__WHAT TO DO__. Each word in the data below should be copied exactly; the images should not.

[DATA SHOWN — start]

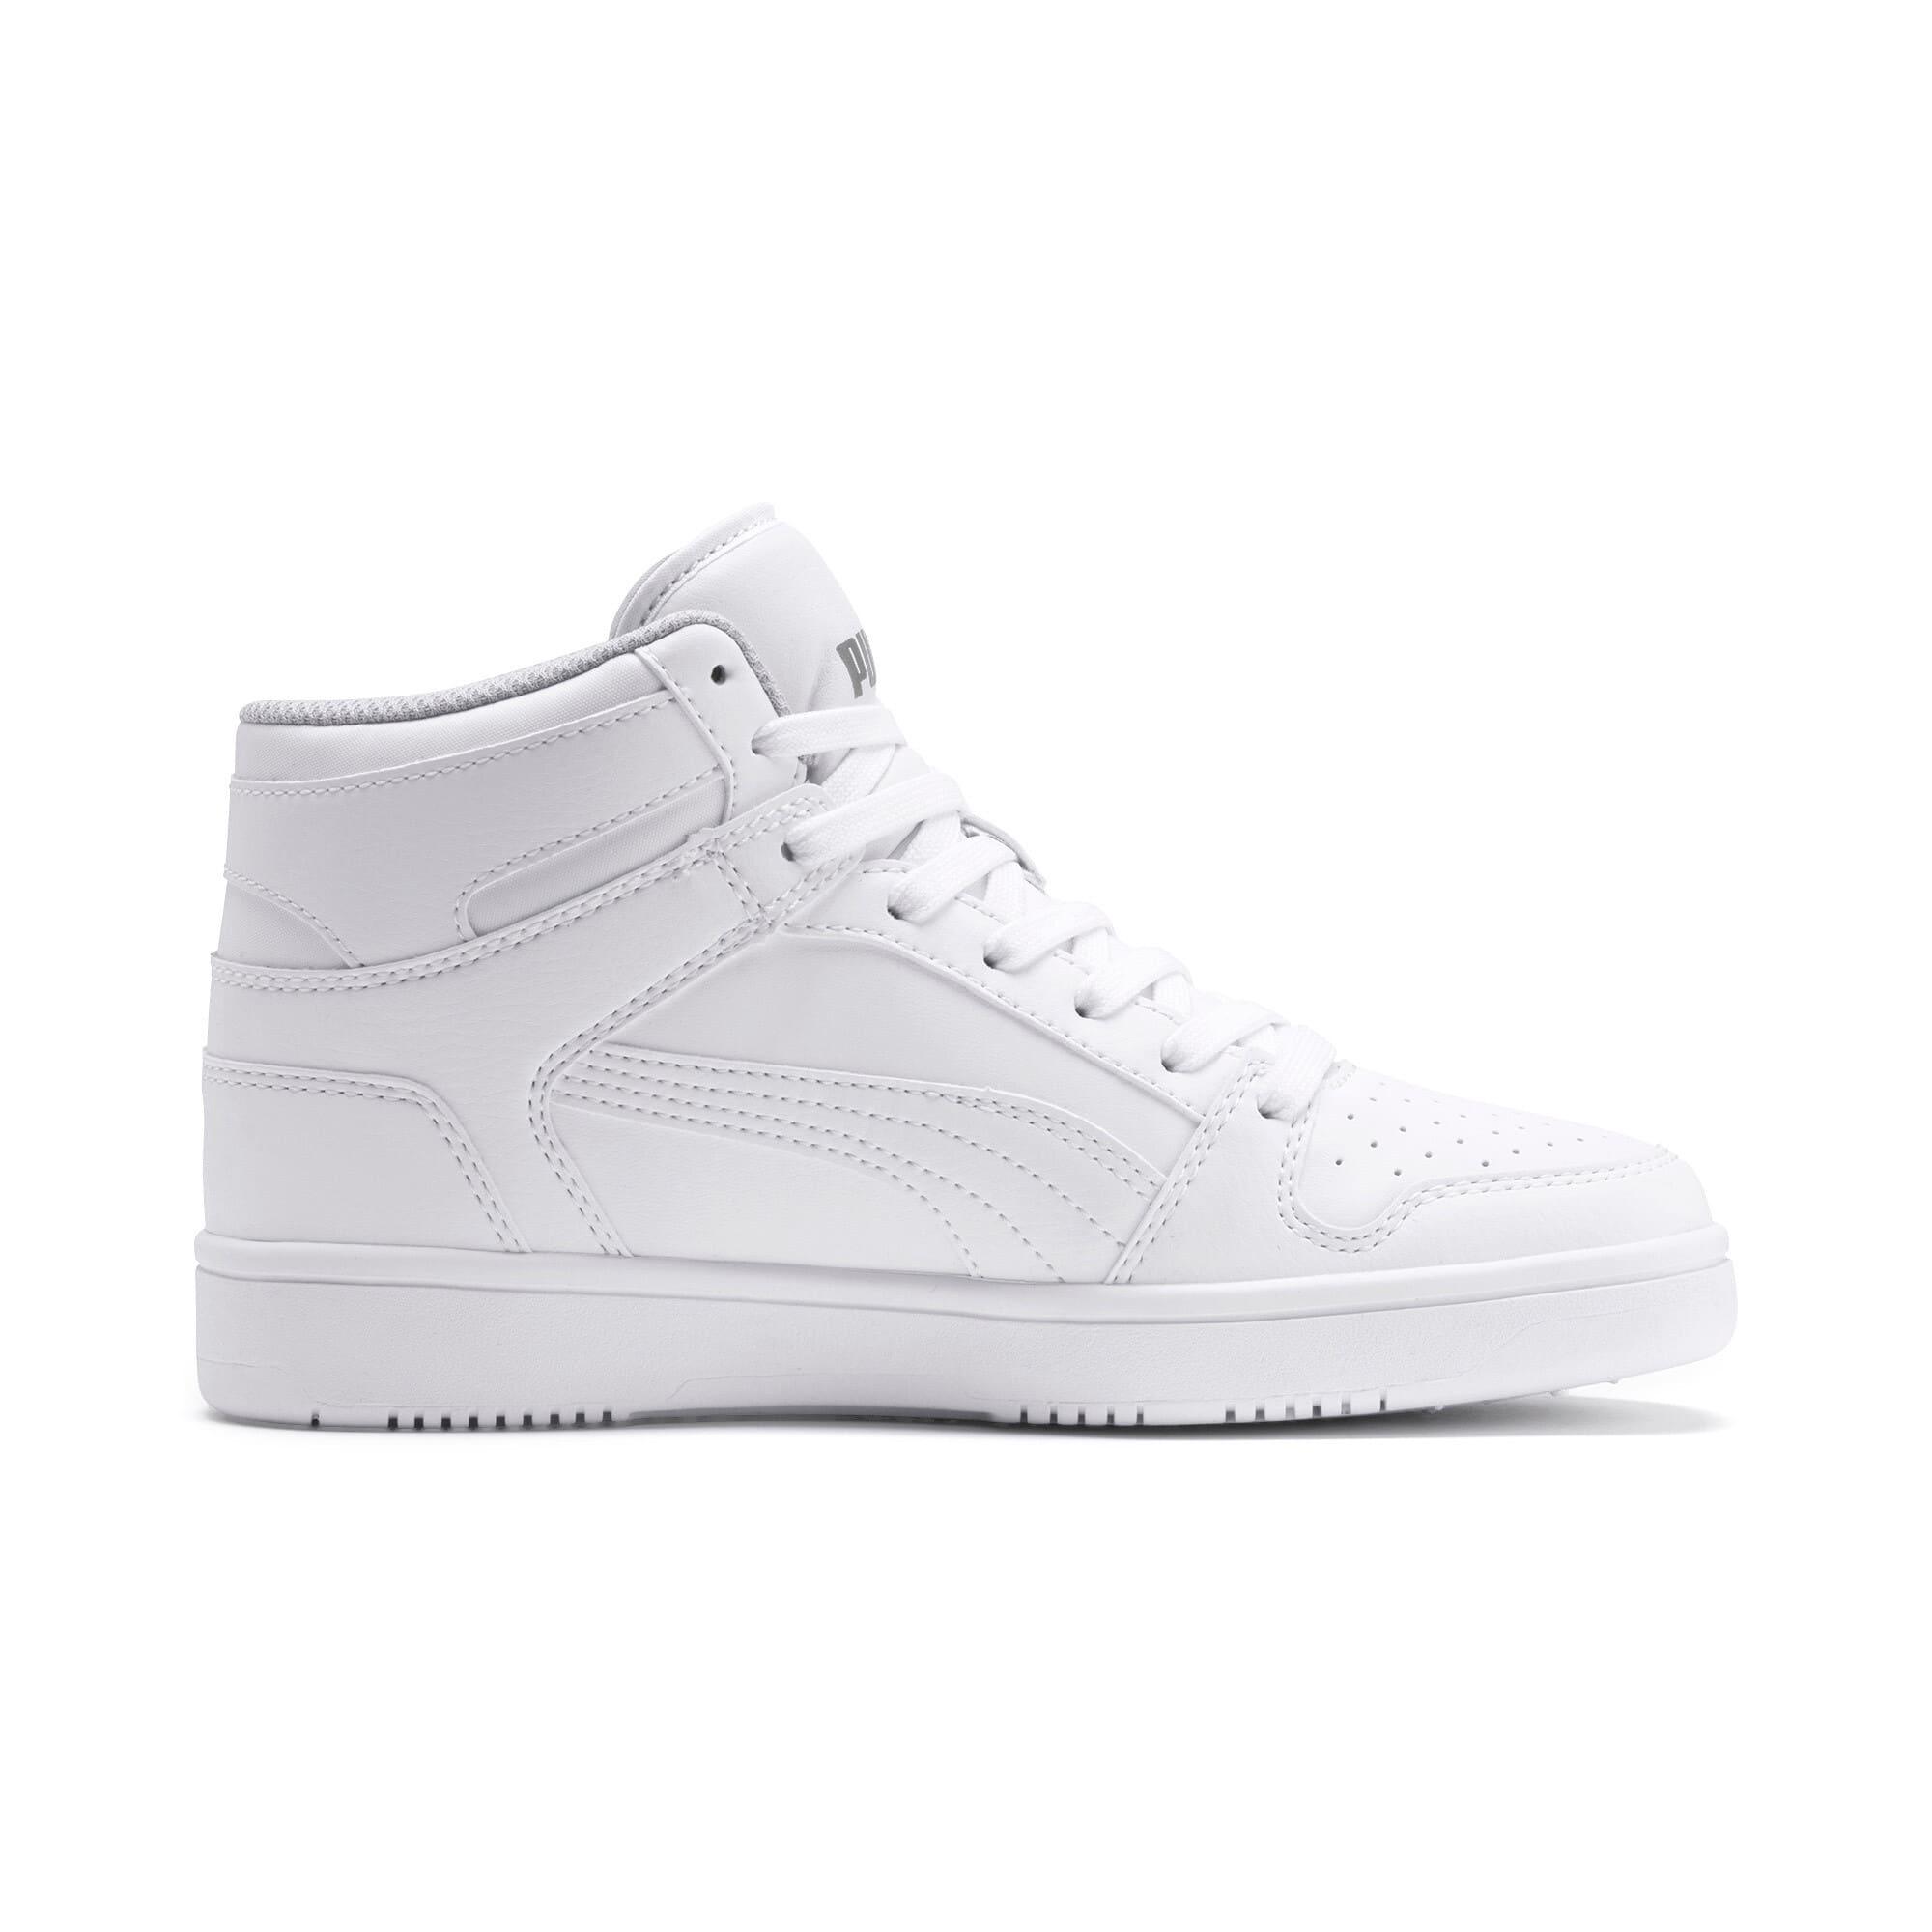 Thumbnail 5 of PUMA Rebound LayUp Mid Sneakers JR, Puma White-Gray Violet, medium
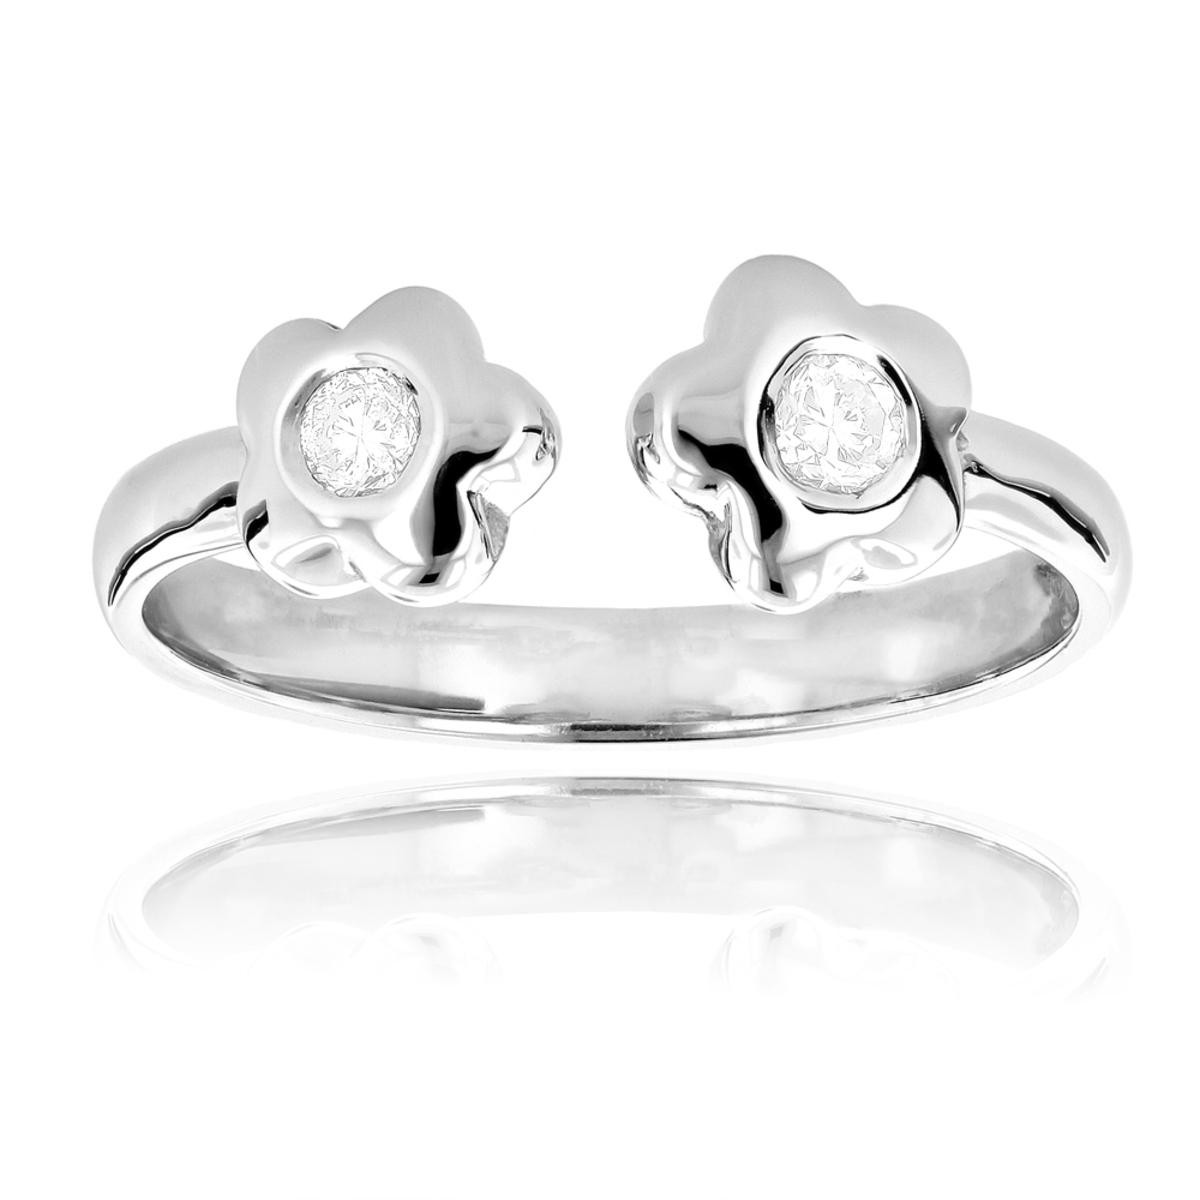 Adjustable 14K Gold Diamond Toe Ring Flower 0.07ct
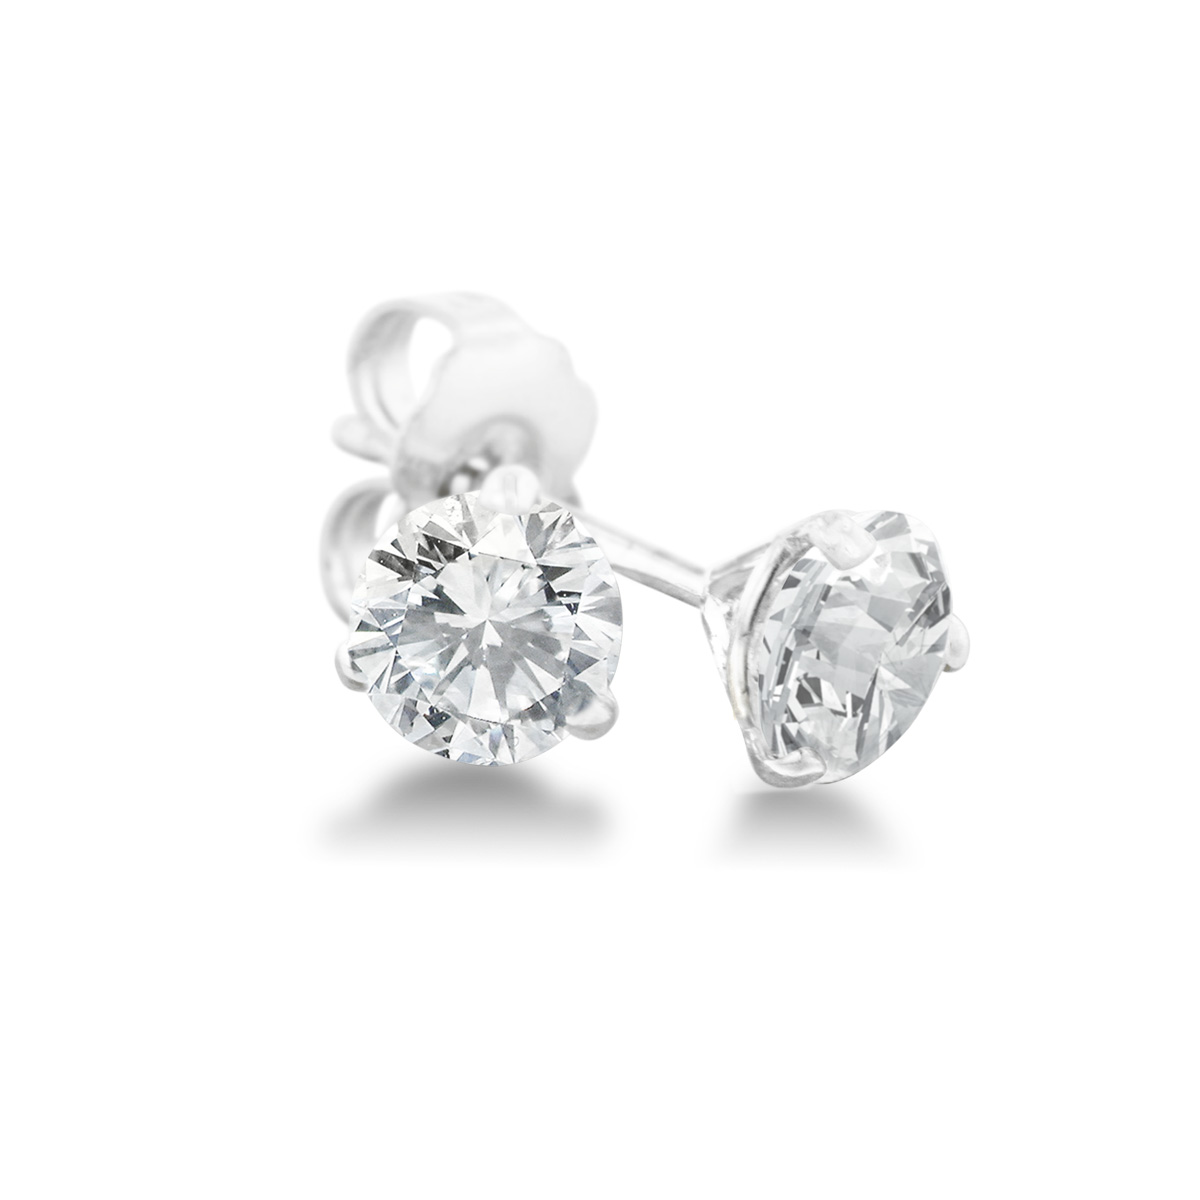 1 3ct Natural Genuine Diamond Stud Earrings In Martini Settling, 14 Ka

[DATA SHOWN — finish]

__EXERCISE RESPONSE__.
 Thumbnail 5 of PUMA Rebound LayUp Mid Sneakers JR, Puma White-Gray Violet, medium
 Adjustable 14K Gold Diamond Toe Ring Flower 0.07ct
 1 3ct Natural Genuine Diamond Stud Earrings In Martini Settling, 14 Ka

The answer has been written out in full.